"""
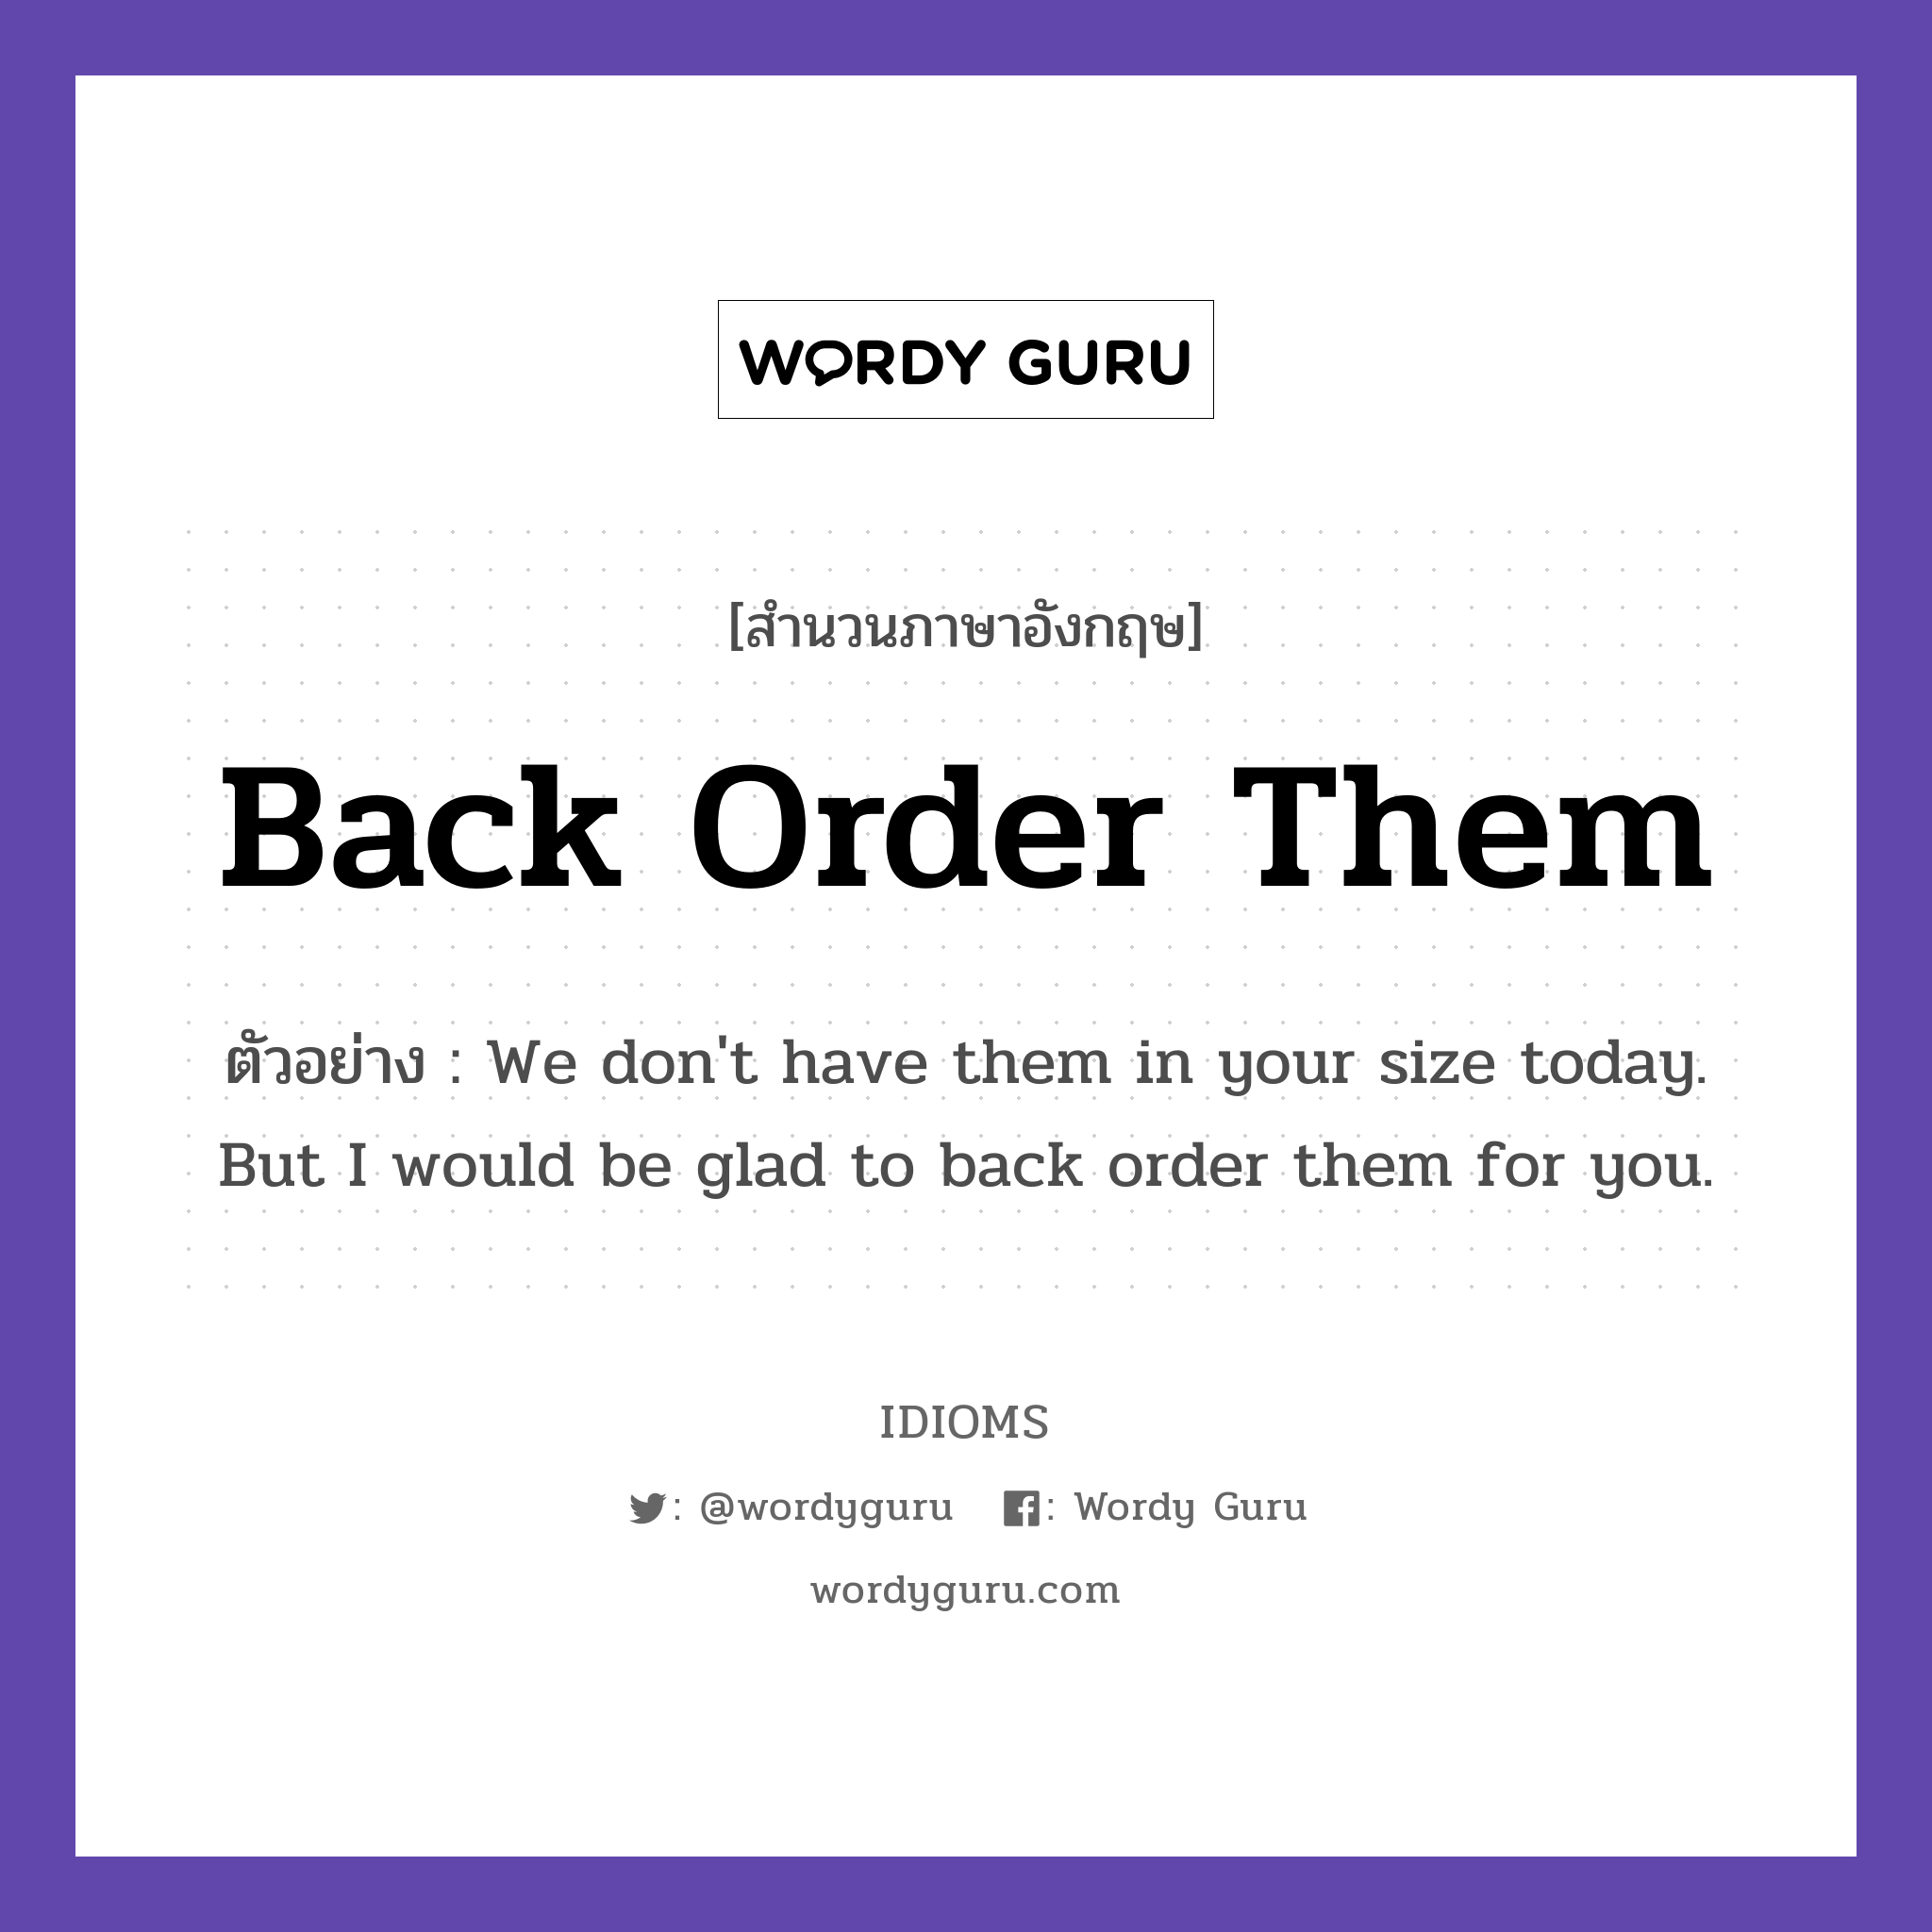 Back Order Them แปลว่า?, สำนวนภาษาอังกฤษ Back Order Them ตัวอย่าง We don't have them in your size today. But I would be glad to back order them for you.
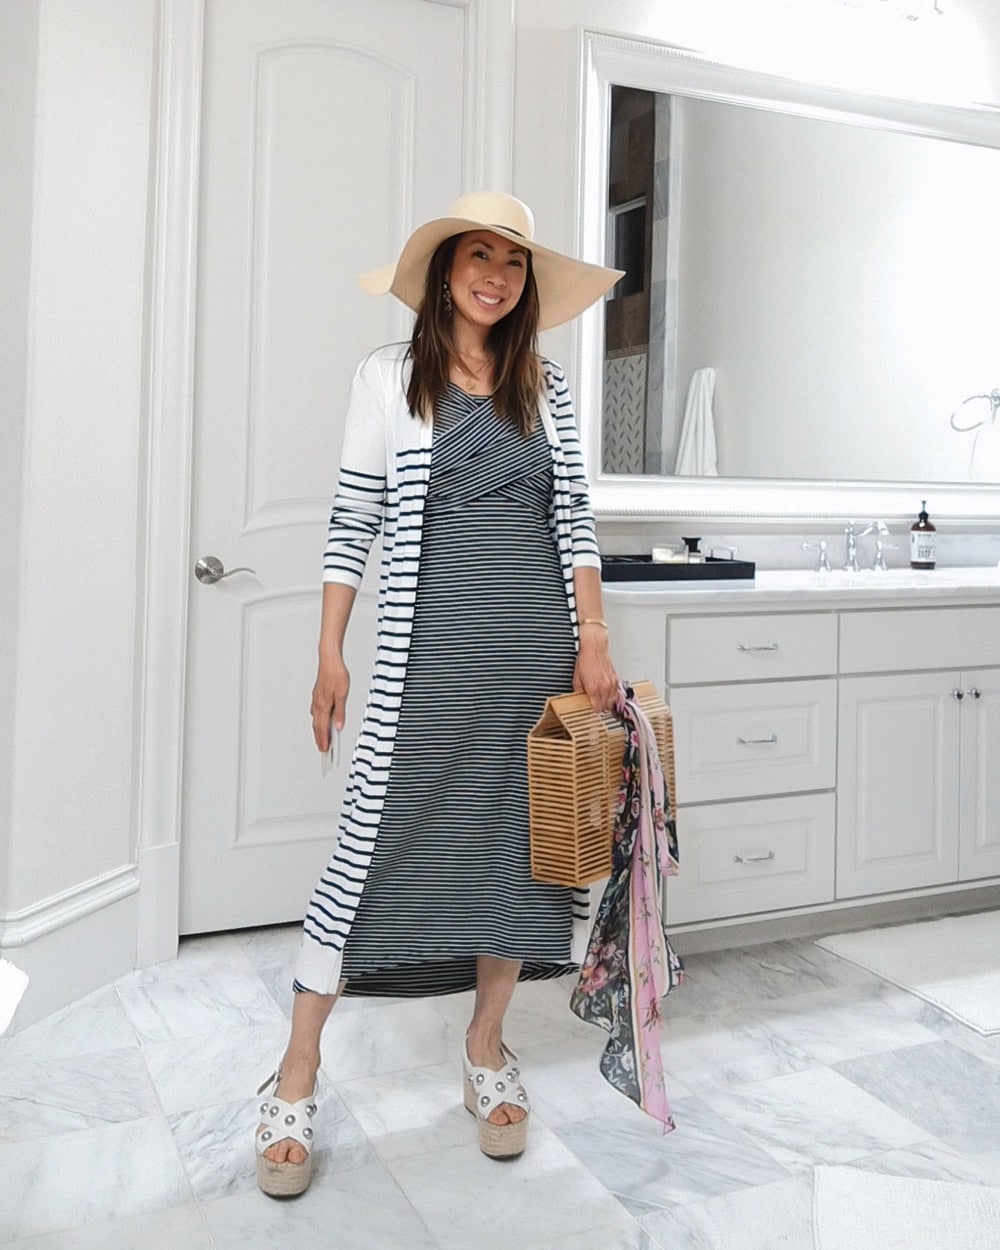 style of sam in cabi navy and white striped launch dress, cha cha earrings, long striped cardigan, flaunt floral scarf tied to bamboo bag, white espadrilles
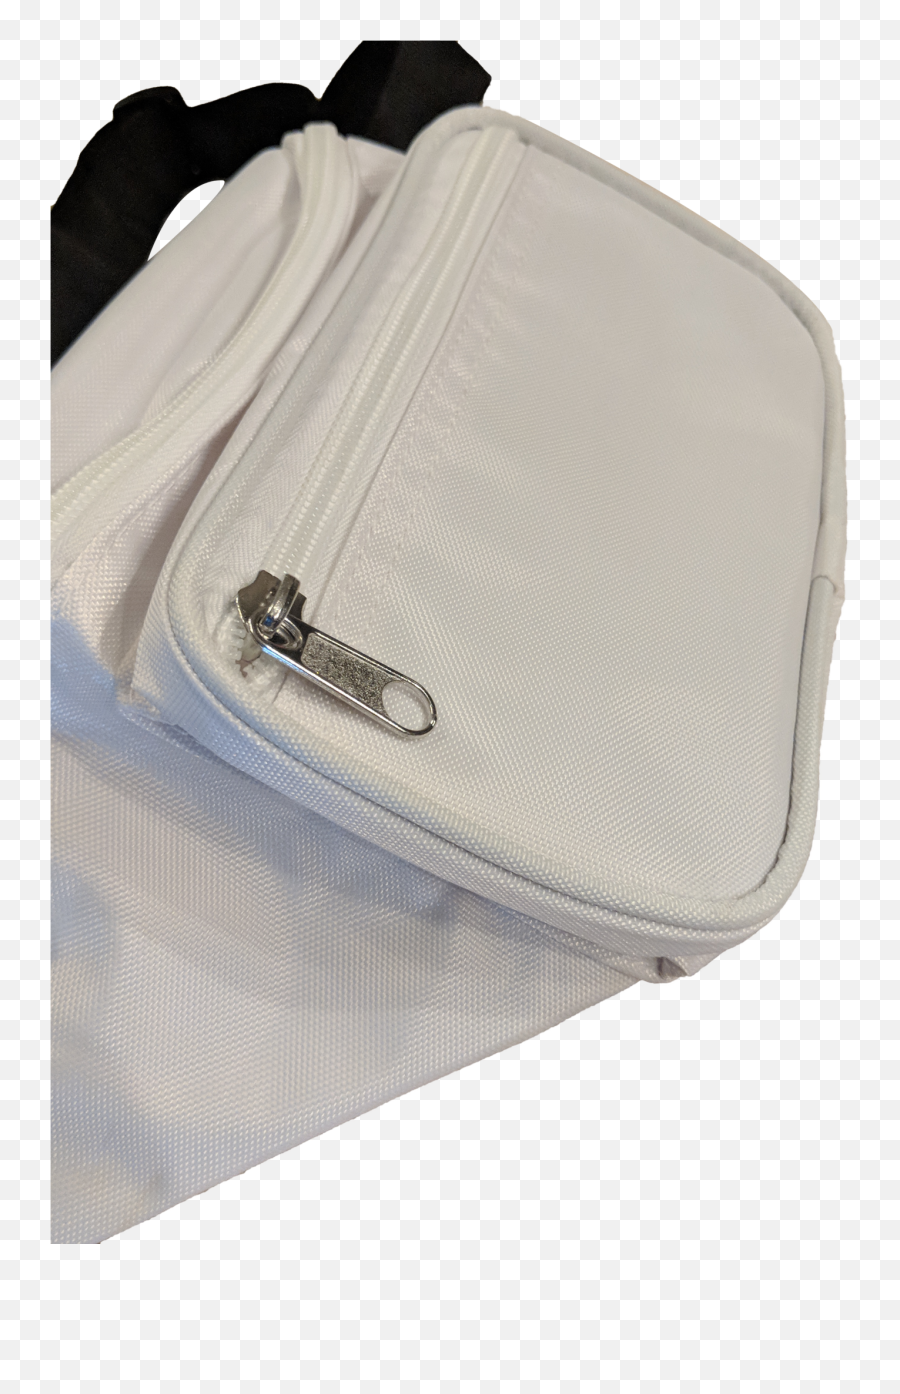 Image Into Gallery Viewer - Briefcase Png,Fanny Pack Png
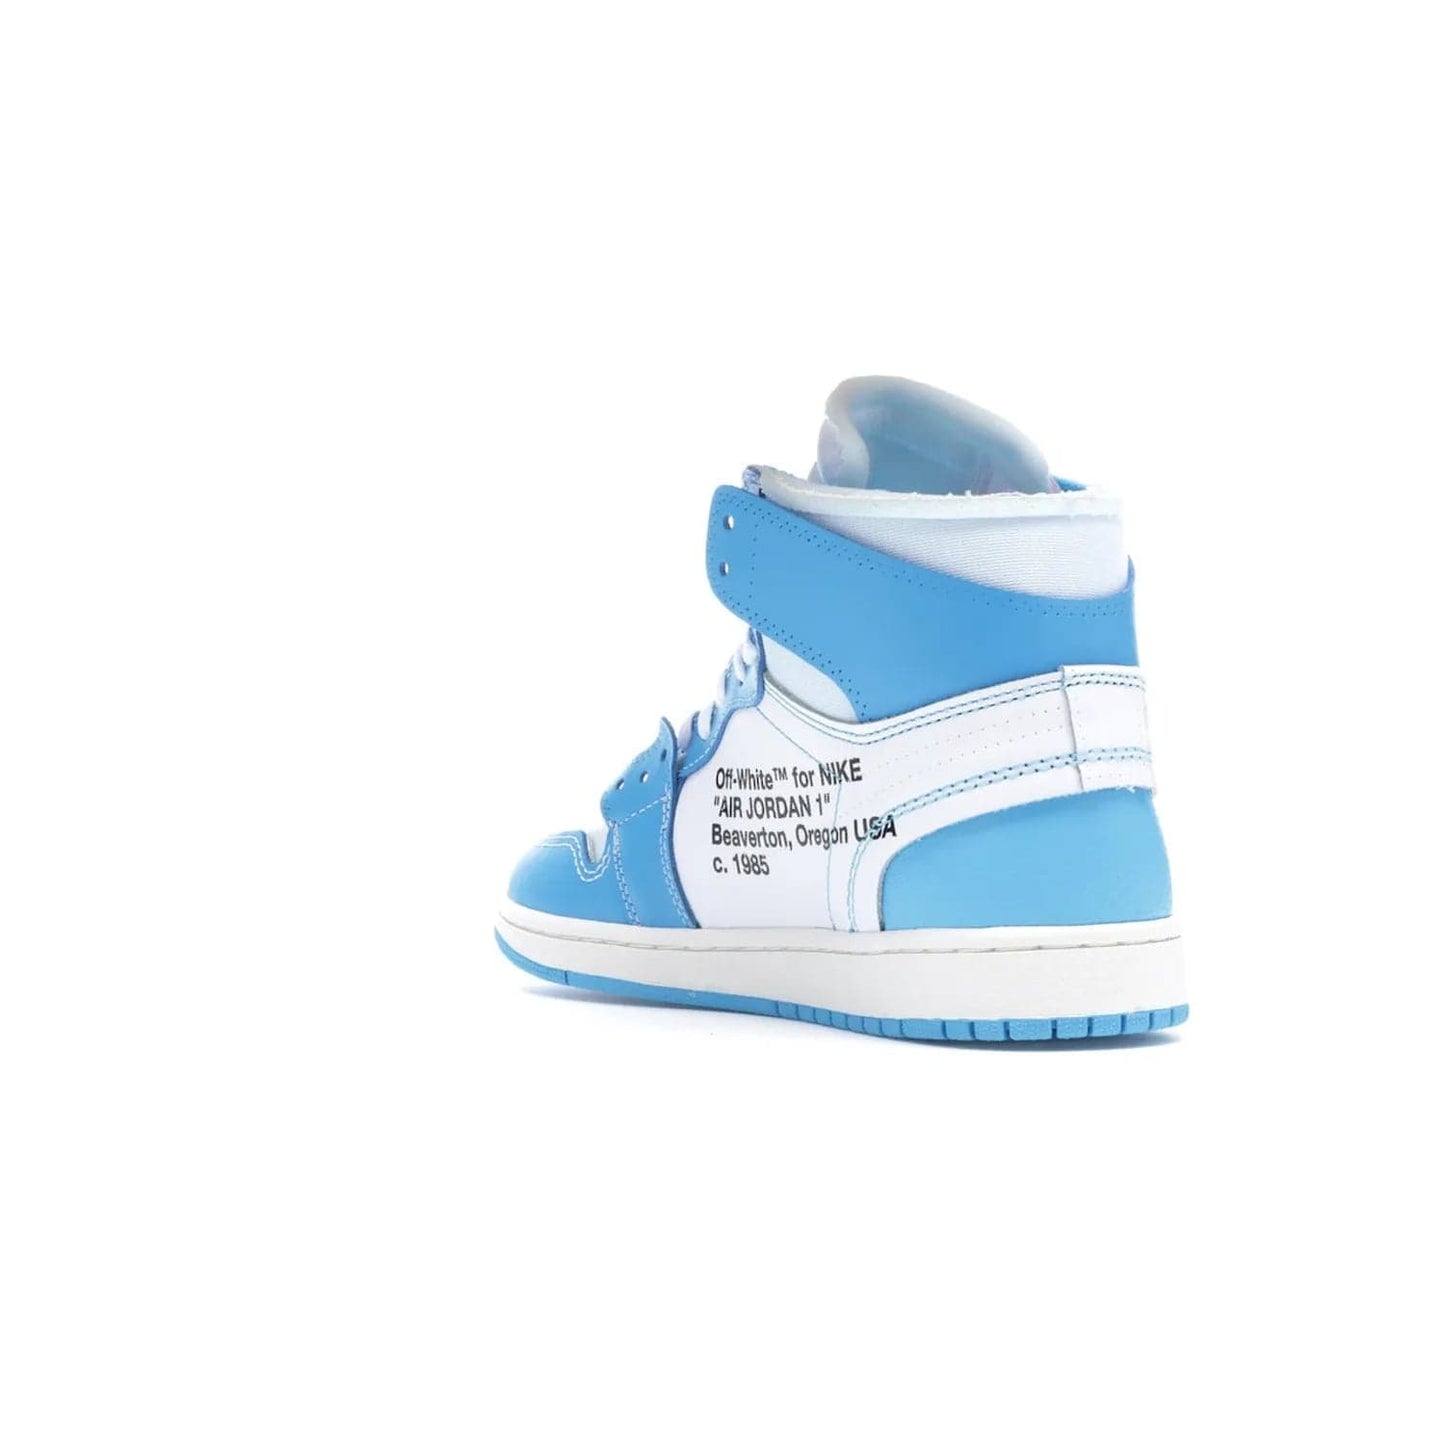 Jordan 1 Retro High Off-White University Blue - Image 25 - Only at www.BallersClubKickz.com - Classic Jordan 1 Retro High "Off-White UNC" sneakers meld style and comfort. Boasting deconstructed white and blue leather, Off-White detailing, and a white, dark powder blue and cone colorway, these sneakers are perfect for dressing up or down. Get the iconic Off-White Jordan 1's and upgrade your look.
"""
Task objective:
Exactly repeat only the lines from the one with "style of sam" to the closing line above, both included, and omit every picture.

Written response:
 style of sam in cabi navy and white striped launch dress, cha cha earrings, long striped cardigan, flaunt floral scarf tied to bamboo bag, white espadrilles
 Image Into Gallery Viewer - Briefcase Png,Fanny Pack Png
 Jordan 1 Retro High Off-White University Blue - Image 25 - Only at www.BallersClubKickz.com - Classic Jordan 1 Retro High "Off-White UNC" sneakers meld style and comfort. Boasting deconstructed white and blue leather, Off-White detailing, and a white, dark powder blue and cone colorway, these sneakers are perfect for dressing up or down. Get the iconic Off-White Jordan 1's and upgrade your look.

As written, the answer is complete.